Goodman elected to launch Captain America with his own self-titled comic book, making him the first Timely character to debut with his own ongoing series without having first appeared in an anthology. Despite Simon's wishes to have Kirby as sole artist, Goodman wanted a team of artists on the series in order to rush the first issue to publication, expressing concern that Hitler might be killed before the first issue could reach the newsstands. Ultimately Kirby did serve as penciller, working from Simon's roughly sketched layouts of figures and backgrounds. Inking of Kirby's pencils has been attributed to Al Avison and Al Gabriele, although Simon himself says the book was inked by cartoonist Al Liederman.

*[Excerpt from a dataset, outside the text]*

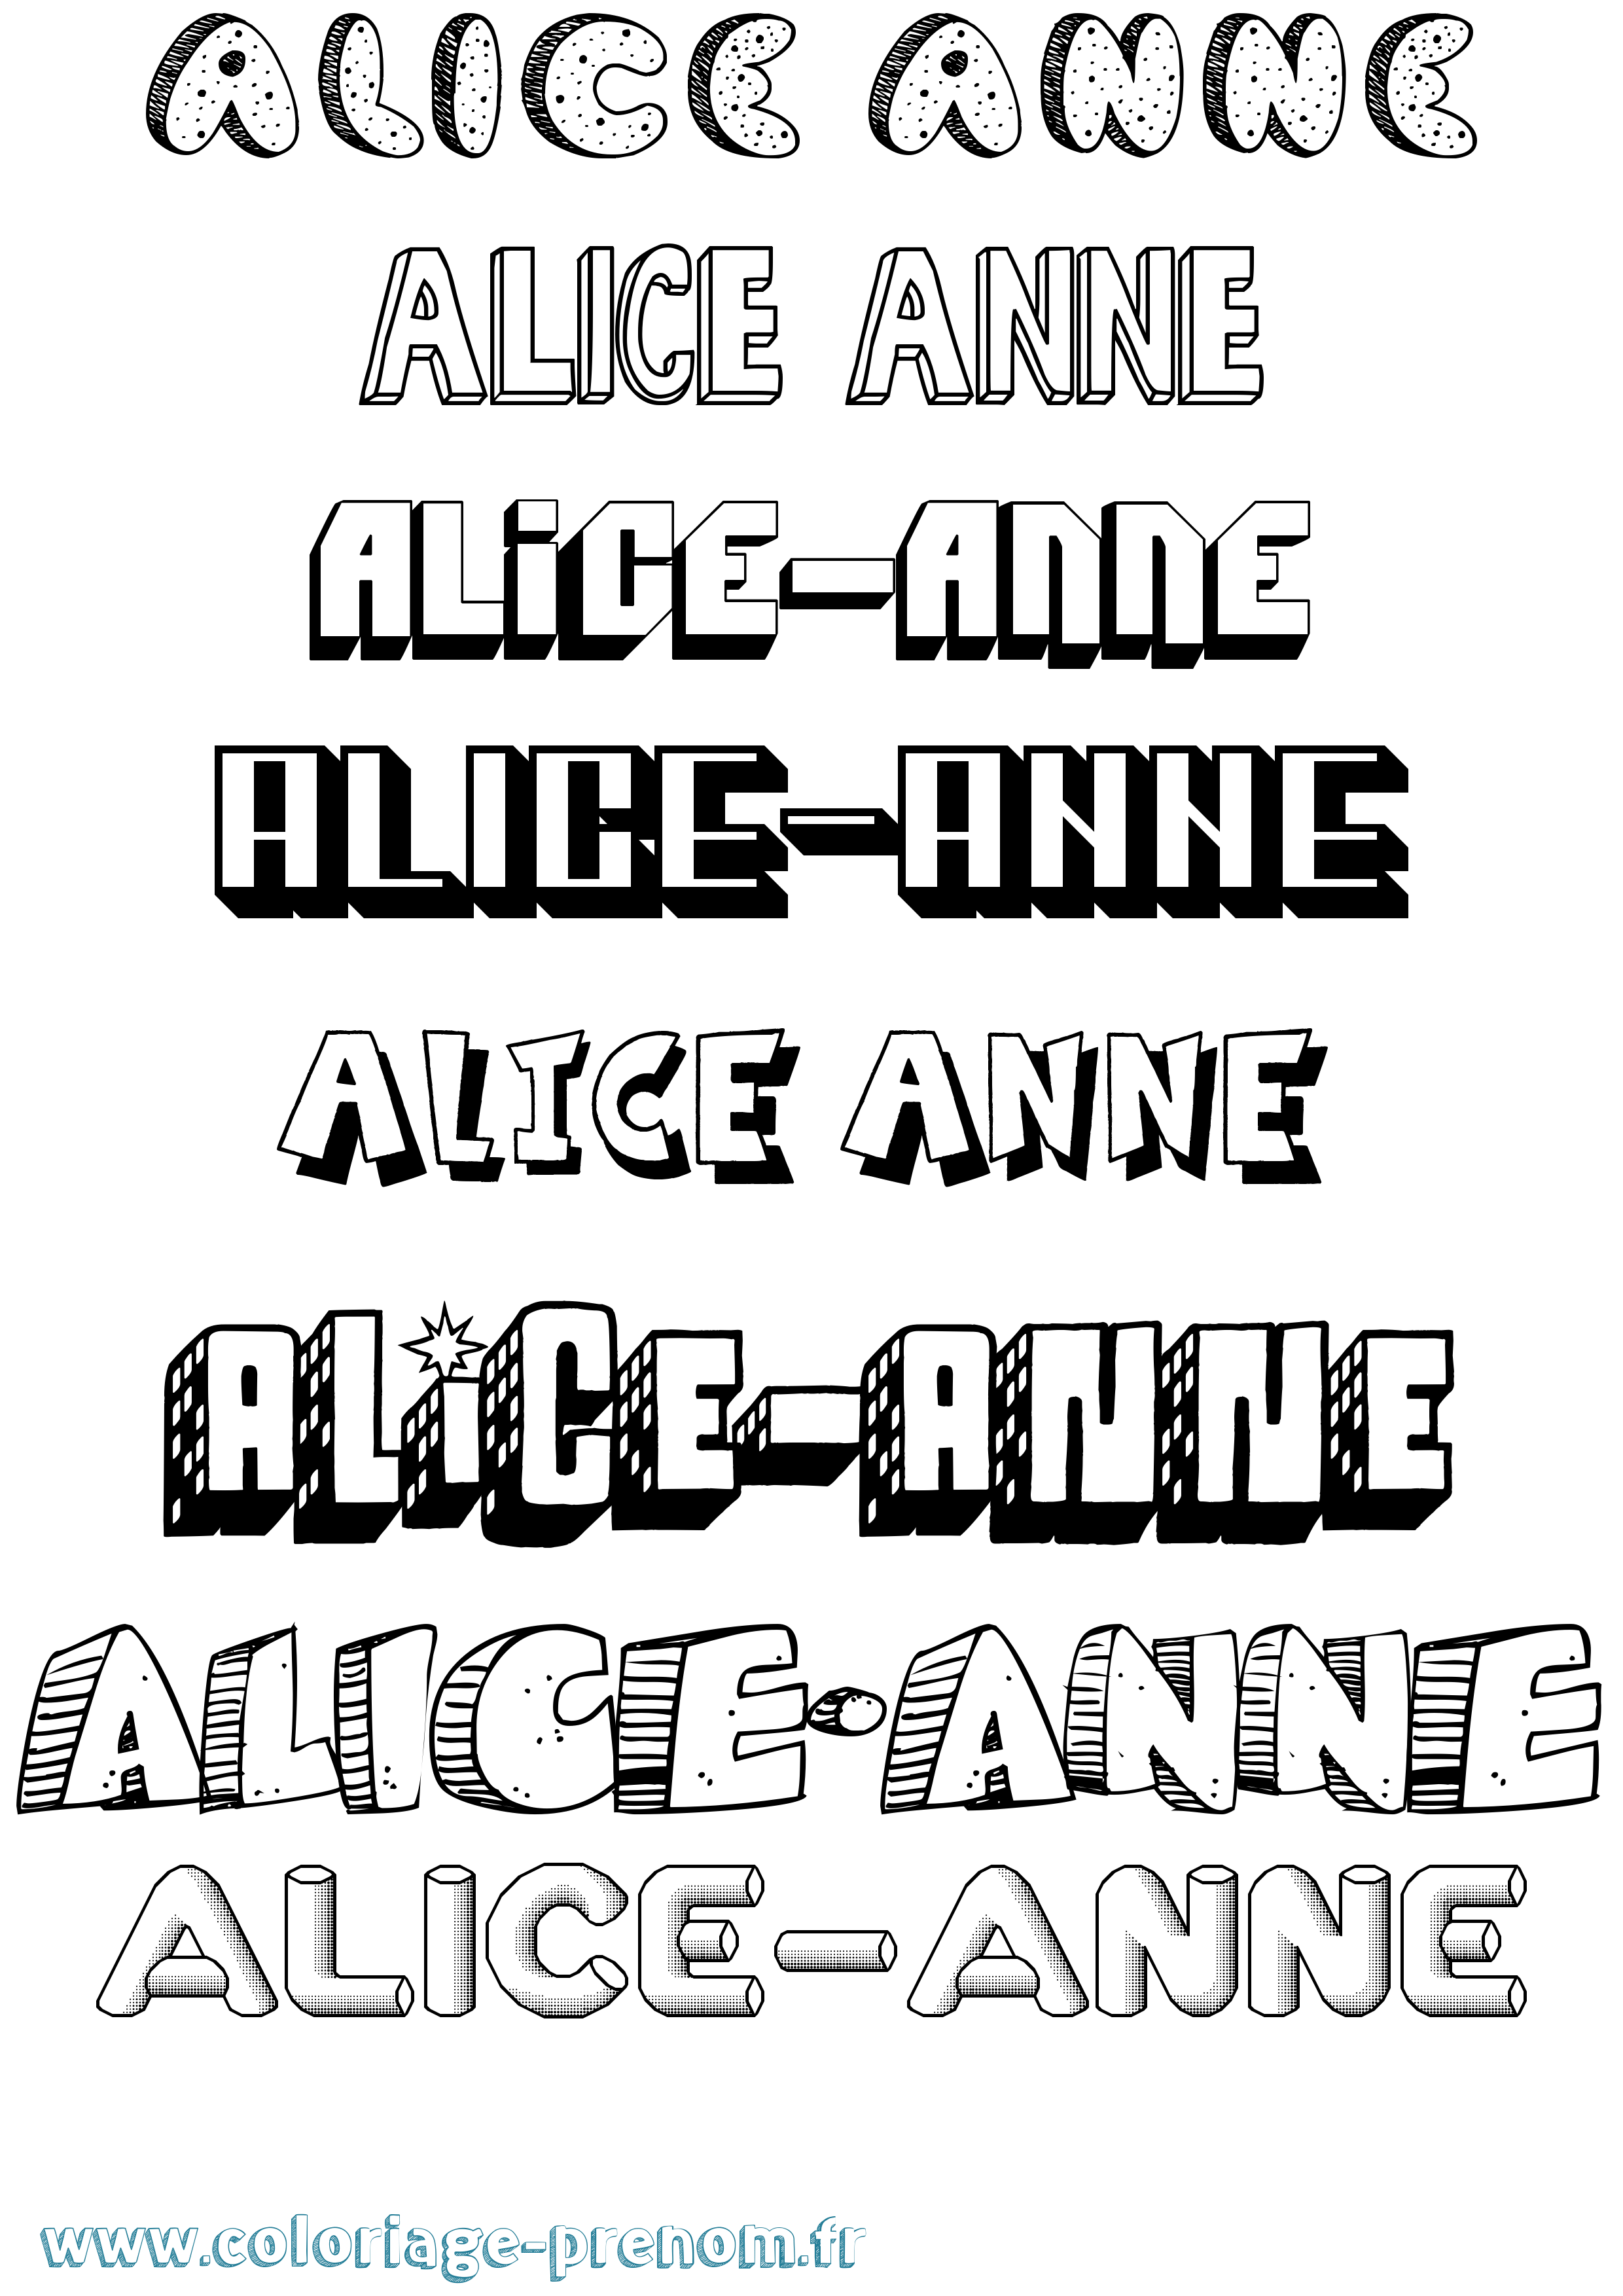 Coloriage prénom Alice-Anne Effet 3D

Simon additionally negotiated a 25 percent share of the profits for the comic: 15% for himself, and 10% for the artists.

===Debut and early success (early 1940s)===

Cover of Captain America Comics #1 (December 1940, cover dated March 1941). Art by Joe Simon and Jack Kirby.

Captain America Comics #1 was published on December 20, 1940, with a cover date of March 1941. While the front cover of the issue featured Captain America punching Hitler, the comic itself established the Red Skull as Captain America's primary adversary, and also introduced Bucky Barnes as Captain America's teenaged sidekick. Simon stated that he personally regarded Captain America's origin story, in which the frail Steve Rogers becomes a supersoldier after receiving an experimental serum, as "the weakest part of the character", and that he and Kirby "didn't put too much thought into the origin. We just wanted to get to the action." Kirby designed the series' action scenes with an emphasis on a sense of continuity across panels, saying that he "choreographed" the sequences as one would a ballet, with a focus on exaggerated character movement. Kirby's layouts in Captain America Comics are characterized by their distorted perspectives, irregularly shaped panels, and the heavy use of speed lines.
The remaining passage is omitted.